Лана радостно схватила фамильный серебряный портсигар и исчезла. Я показал пани Серафине большой палец. В ответ она показала мне три и шепнула слово "партитуры", после чего устало махнула рукой, прощаясь, и закрыла глаза.
Эпилог (примерно год спустя)
(Понимаю, что в рассказах не бывает, но пусть будет.)
Сижу, никого не трогаю, рассматриваю черную капельку микрофона, возвышающуюся над столом на длинном стебле, словно глаз любопытного краба.
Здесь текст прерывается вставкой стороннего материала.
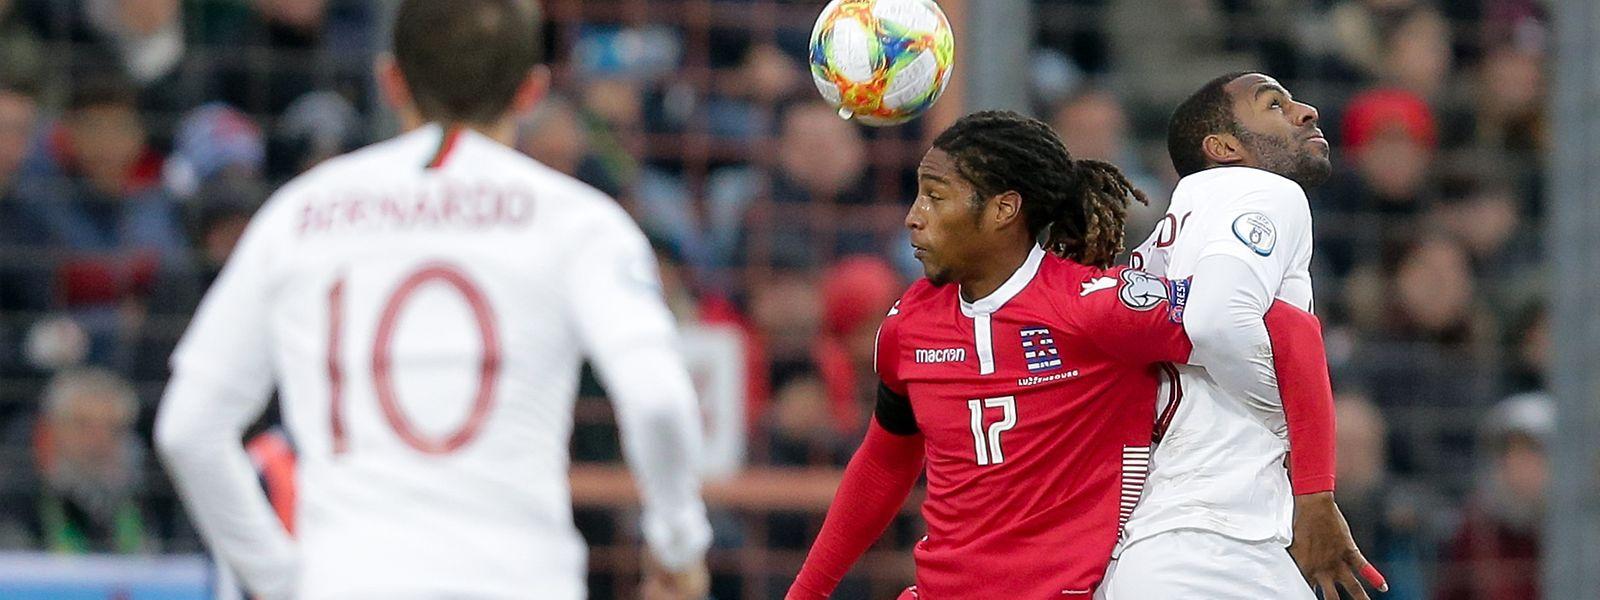 Gerson Rodrigues könnte zu einem türkischen Topclub wechseln.

Лампа с оранжевым абажуром наполняет комнату теплым (чуть не сказал "ламповым") светом. А за окнами зима. Сегодня особенно мерзкая. С метелью. Задубел, як цуцик, пока от универа до дома дошел. Еле отогрелся. Наверное, ограничусь одним часом чтения. И, по законам аварской логики, в зимнюю стужу будем читать о весне и жарких странах. Я включил запись аудио на своем наградном смартфоне, привычно скользнул в транс и перед моими глазами открылась книга. Да, когда-то читаная книга, а не экран монитора. Как выяснилось, в трансе я вспоминаю и мерцание монитора с частотой 60 Герц. Жутко утомляет. И печатать вслепую — тоже тяжко. Оптимально зачитать текст монотонным голосом, практически не интонируя, а потом прогнать файл через распознаватель. Все равно тексту требуется редактура и правка. В том числе, чтобы привести в соответствие с реалиями. Например, переименовать грузовики в грузовозы, и в мобили — авто. Мелочи царапают сильнее. Я слегка наклонился к выносному микрофону и начал:
— Однажды весною, в час небывало жаркого заката, в Москве, на Патриарших прудах, появились два гражданина...
Еще достоинство такого метода "овеществления воспоминаний" — можно параллельно размышлять. Даже нужно, чтобы текст читался автоматически. Профессиональным секретарям-машинисткам этот секрет известен. Теперь вот я пользуюсь.
Меня сильно зацепили слова пани Серафины о Золотом Фонде Человечества. Тут некстати еще вспомнилась теория Вернадского о ноосфере. Сфере Знаний, инфополе, эфире — называйте, как хотите! Ее ведь наполняют не только книги, стихи, музыка и научные открытия из Золотого Фонда. Куда больше там того, что даже на "складбище" отправить стыдно. И ЗФЧ — последний бастион защиты ноосферы от глобального потупения. Поэтому, если можно его пополнить — это необходимо делать. Даже если шанс один на миллион.
Что же касаемо денег, то ведь есть еще "серебряный фонд человечества" и "медный", и "железо-никелевый". И на них тоже можно заработать пенензев.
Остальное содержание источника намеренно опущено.